Jeunesse et terrorisme : de victimes à acteurs
Arthur LANGLOIS
L’Hexagone a connu plusieurs attentats de grande ampleur ces dernières années, ainsi que de multiples attaques de basse intensité, comme l’appelait de ses vœux Mohammed al-Adnani, ancien porte-parole de l’Etat islamique, le 22 septembre 2014 : « Si vous pouvez tuer un infidèle américain ou européen – et spécialement ces Français pitoyables et dégoûtants – ou un Australien, ou un Canadien ou un autre de ces infidèles parmi ceux qui nous font la guerre, y compris les citoyens des pays qui sont entrés dans la coalition contre l’État islamique, alors remets-toi à Dieu, et tue-le de n’importe quelle façon ou moyen qui sera nécessaire. »
Entre 2014 et 2016, le nombre d’opérations terroristes liées à l’État islamique en Europe, et surtout en France, n’a cessé d’augmenter. Le graphique[1] ci-dessous indique que le nombre des projets d’attaques terroristes augmente fortement à partir de septembre 2014.
Dans notre pays, le risque est réel et élevé. Les cibles sont majoritairement des symboles forts de l’État ou de la démocratie, tels que les établissements scolaires et, plus récemment, le corps enseignant.
Les établissements scolaires, cibles privilégiées de Daech
En effet, l’école fait partie des nombreuses cibles visées par l’Etat islamique (EI). Différents signaux faibles indiquent que l’organisation envisageait de frapper un objectif scolaire dès 2015. Dans le numéro du 30 novembre 2015 de sa revue francophone Dar al Islam, Daech a publié un article condamnant les principes de l’école publique française : laïcité (séparation de l’Eglise et de l’Etat), égalité (non-condamnation de l’homosexualité), absence de prosélytisme, liberté de conscience, théorie du darwinisme, mixité, interdiction du voile. Les enseignants sont donc vus comme des menaces potentielles contre le dogme du groupe djihadiste.
Par ailleurs, l’attaque du collège toulousain Ozar Hatorah (mars 2012) par Mohamed Merah reste dans toutes les mémoires. Plus récemment, la cible initiale d’Amedy Coulibaly aurait pu être également une école juive, selon l’ancien ministre Robert Badinter. Le président de l’époque, François Hollande, avait lui aussi indiqué que cette hypothèse ressortait de l’enquête, lors de l’hommage qu’il a rendu aux policiers tués durant les attentats de janvier 2015[2].

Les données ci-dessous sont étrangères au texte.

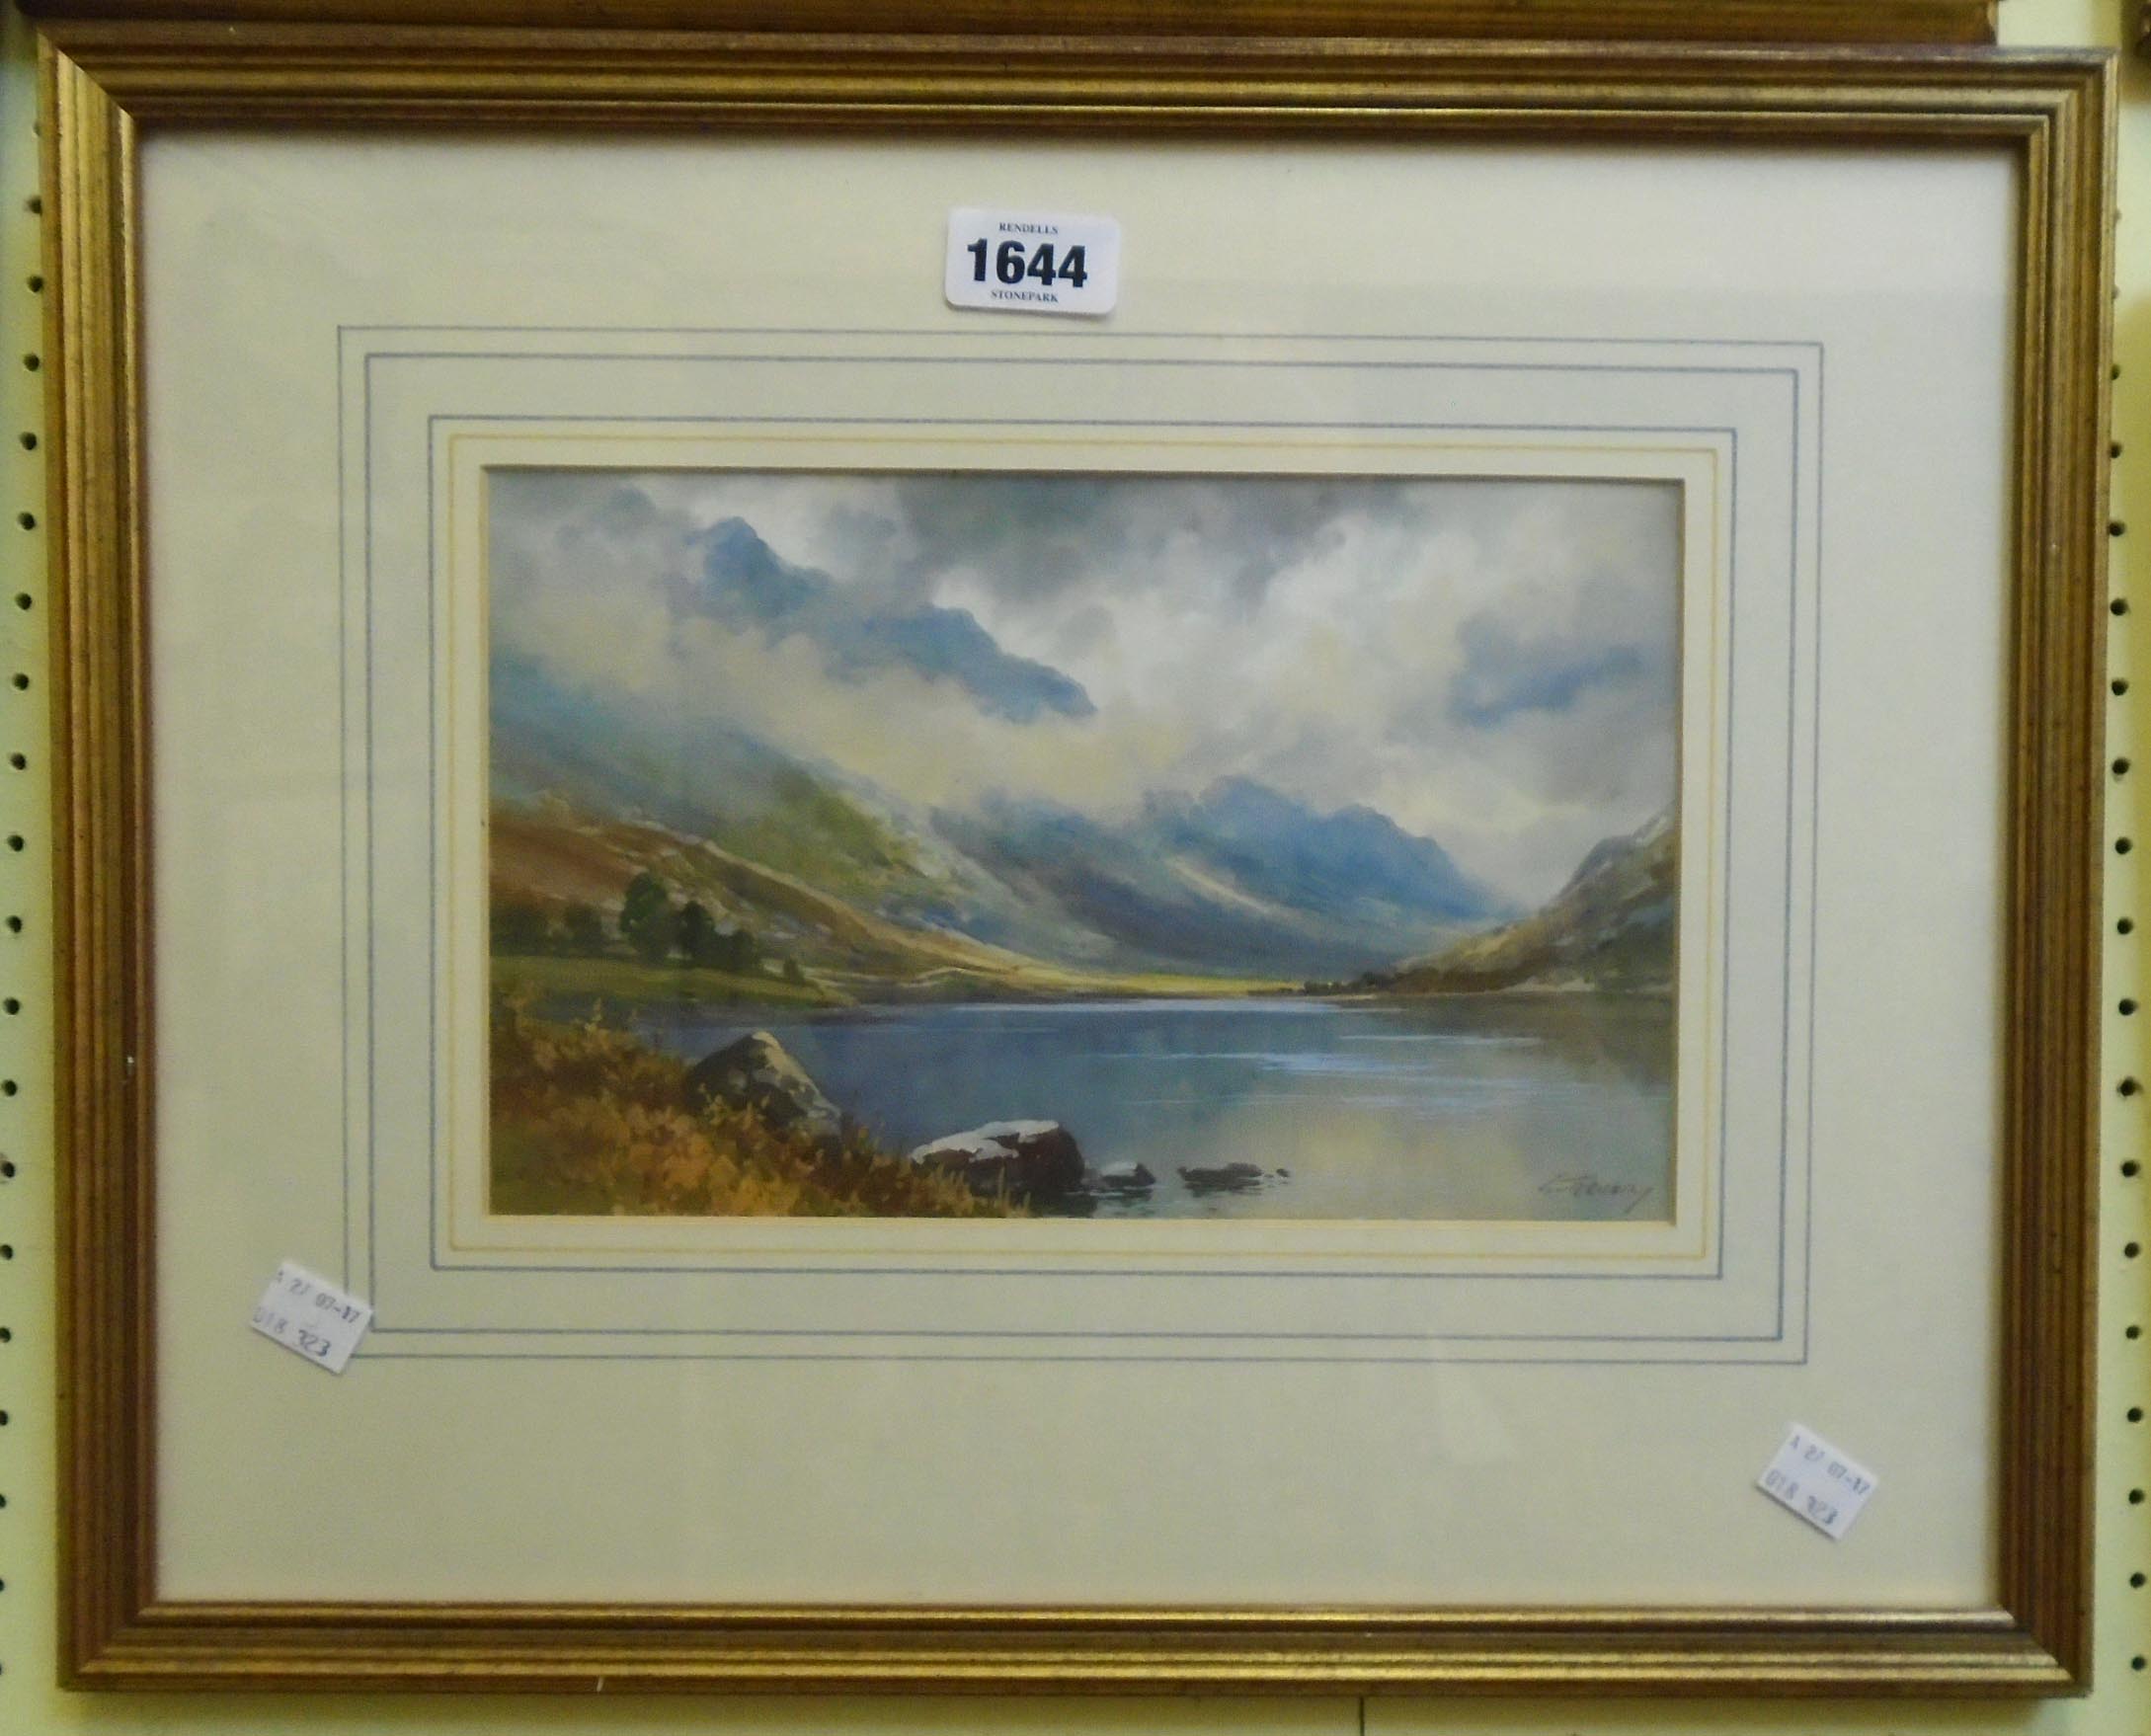 G. Trevor: a gilt framed watercolour, depicting a lakeland view - signed

L’assassinat tragique de Samuel Paty a montré que les enseignants étaient également des cibles prioritaires. Les incidents lors de la minute de silence en hommage à ce professeur et les multiples remontées de menaces et comportements inquiétants dans les établissements scolaires indiquent clairement que les membres du corps enseignant sont des cibles symboliques.
Ce ciblage a conduit le gouvernement français à renforcer la protection des écoles, collèges et lycées via la rédaction de plans de protection.
L’obligation d’un PPMS dans les écoles
Le Plan de protection et mise en sécurité (PPMS) pour les établissements scolaires existe depuis 2002 et s’est enrichi depuis les attentats de 2015 de mesures supplémentaires[3]. Les directeurs d’établissement ont dorénavant obligation de transmettre les dossiers des PPMS aux services de l’Etat et aux services de secours dans un délai de 30 jours.
De plus, avec le passage du niveau Vigipirate à Sécurité renforcée – Risque attentat et les reconductions successives de l’état d’urgence, le ministère de l’Éducation nationale a demandé à son personnel de prendre connaissance des consignes prescrites et de les respecter afin d’améliorer le niveau de sécurité dans les établissements scolaires. Des consignes de sûreté ont également été rédigées par le ministère à destination des parents d’élèves[4].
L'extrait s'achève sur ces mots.